Anne-baba olmak, çok ciddi hazırlık gerektiren bir durum. “Anne babalık; çok fazla sorumluluk isteyen, geri dönüşü olmayan, birçok bilgi ve beceri edinmeyi ve sosyal anlamda birçok fedakarlık yapmayı gerektiren bir roldür.” uyarısında bulunuyor. Anne-baba adayının öncelikle evliliklerinin sağlıklı bir şekilde yürüyor olduğundan emin olmalarının önemine vurgu yapan Özel Mavi Aile Danışmanlık Merkezi’nden Pedagog Belgin Temur, çocuğun evliliğin can simidi olmadığına dikkat çekiyor. İşte konuyla ilgili merak ettiğiniz her şey…
 
Psikolojik hazırlık
Anne-baba adayının öncelikle evliliklerinin sağlıklı bir şekilde yürüyor olduğundan emin olmaları önemlidir. Çünkü sanıldığının aksine kötü giden evlilikler çocuk sahibi olunduğunda daha iyi olmazlar ve çocuk evliliğin can simidi değildir. Aksine her zaman çocuk, evlilik ilişkisi içine yeni bir yük getirir. Bu yükü kolaylıkla taşıyabilmenin en önemli koşuluysa eşlerin iyi, sağlıklı, keyifli, doyurucu bir ilişki yaşıyor olmalarıdır. Çocukla birlikte tüm yaşam düzeninin değişeceği, sosyal yaşama ve iş yaşamına dair önemli değişikliklerin yaşanacağı düşünülürse bu konuda da hazır olmanın önemi görülebilir. Birçok anne-babanın (özellikle de çalışan anne-babalar), çocuklarını çok sevmelerine rağmen onun gelişiyle birlikte zamanlarının ve enerjilerinin önemli bir bölümünü onun için ve onunla geçirmeleri nedeniyle mesleki anlamda istedikleri yere ulaşmakta zorluklar yaşadıkları ve zaman zaman çocuk sahibi olmanın onlar için bir engel teşkil ettiği belirtilir. Çocuk özellikle ilk birkaç yılda oldukça emek ister.

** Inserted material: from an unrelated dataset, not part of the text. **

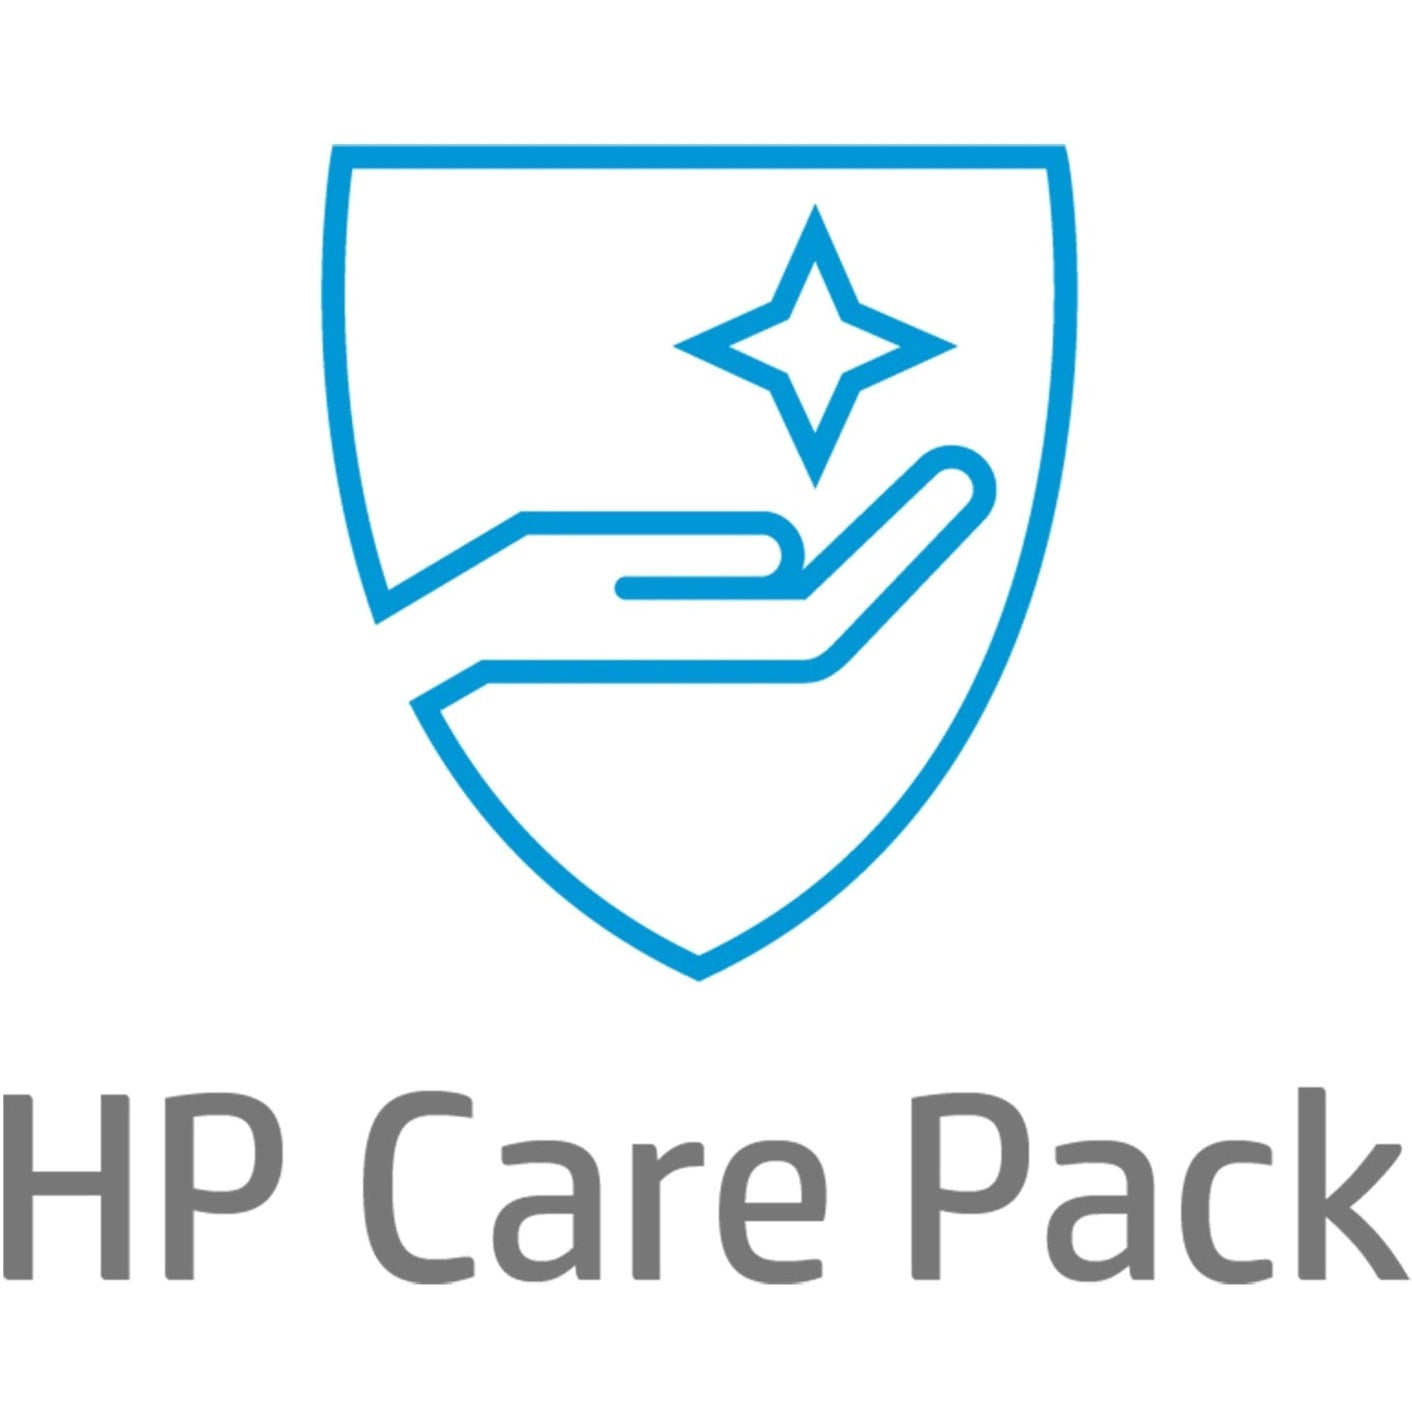 HP Care Pack Hardware Support with Defective Media Retention - 4 Year - Warranty (U9NE4E)
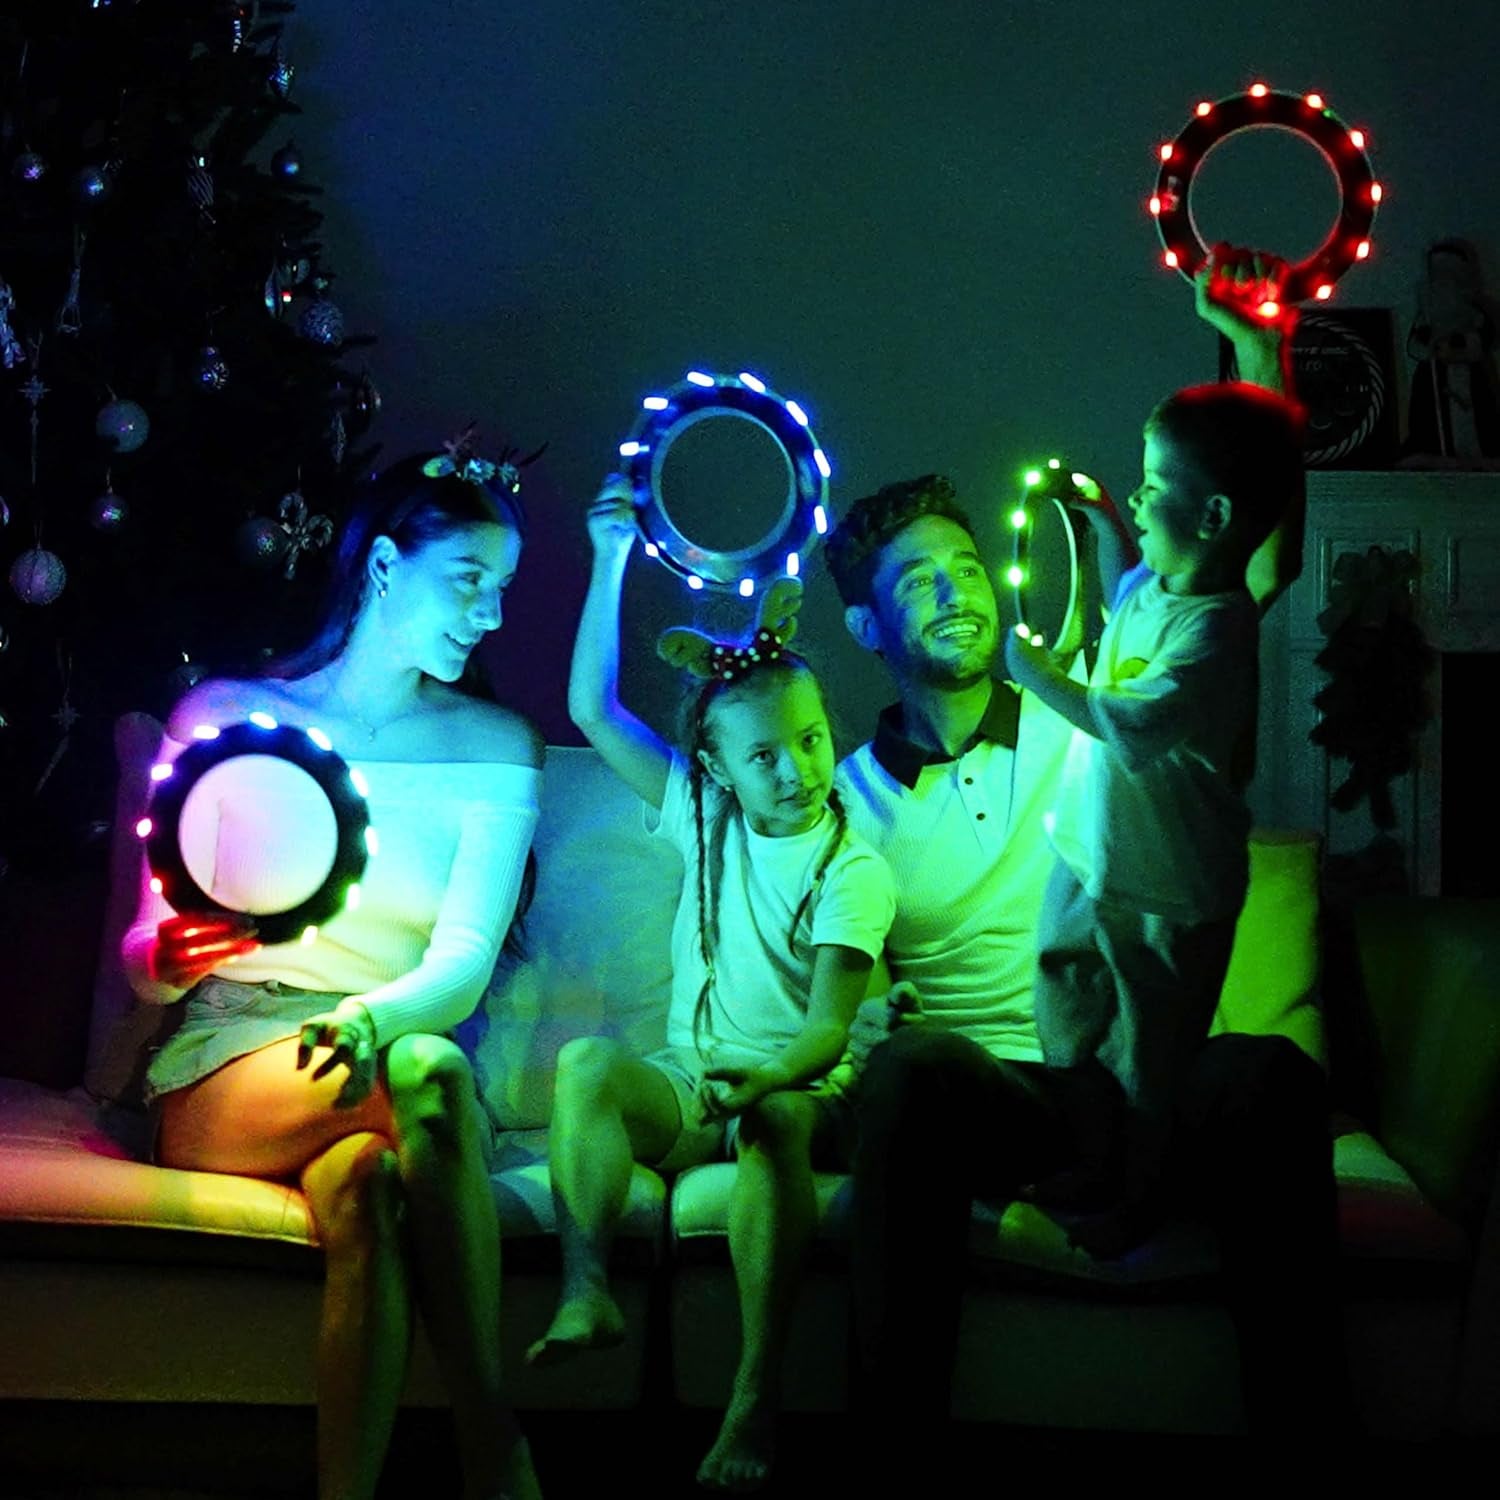 Flying Ring - 12 Leds, Super Bright, Soft, Auto Light Up, Safe, Waterproof, Lightweight Frisbee, Cool Birthday, Camping, Easter Basket Stuffers & Outdoor/Indoor Gift Toy for Boys/Girls/Kids

Zamanınızın ve enerjinizin önemli bir bölümünü alır. Bu, hem kendinize hem de birbirinize ayıracağınız zamanın azalması anlamına gelecektir. Aile bütçesi de bir çocukla birlikte oldukça değişikliğe uğrayacaktır. Toplumumuzda “çocuk kısmetiyle gelir” gibi bir inanış olmasına rağmen birçok aile bunun böyle olmadığını belirtir. Ekonomik olarak yeterince hazır olmadan sahip olunan bir bebeğin, sonrasında psikolojik sıkıntıların da yaşanmasına neden olabildiği bilinir. Tüm bu değişiklikleri öngörmek ve bu yeni duruma ne kadar uyum sağlayabileceğiniz konusunda bir karar vermek belki de çocuk sahibi olmadan önce düşünülmesi gereken en önemli husustur.
 
Çocuk gelişimini bilmek çiftleri rahatlatır
Bebeğin zihinsel, fiziksel ve duygusal gelişimi hakkında bilgi sahibi olmak genellikle zamana bırakılır. Çocuklar büyüdükçe o döneme ait gelişimleri takip edilir, sorun çıktığında o soruna dair çözümler aranır ve yine genellikle geleneksel yöntemler tercih edilir. Oysa çocuk gelişimi ve eğitimi başlı başına bir bilimdir. Hatta birkaç bilim dalı bu konuyla ilgilenir. İnsanın kişiliği, zihinsel, duygusal ve fiziksel gelişimi özellikle yaşamın ilk 6 yılında çok hızlı oluşur. Bu yıllar, insan hayatı yönünden çok önemlidir. Bu dönemde bebeği gelişim özellikleriyle tanımak ve gelişmesi için gerekli ortamı hazırlamak, ona destek vermek önemlidir. Bunu göz önünde bulundurduğumuzda anne-babanın özellikle 0-6 yaşa ait gelişim özellikleri hakkında bilgi sahibi olmasının önemi görülür.
 
Çiftler çocuk doğduktan sonrasını hesaplamalı mı?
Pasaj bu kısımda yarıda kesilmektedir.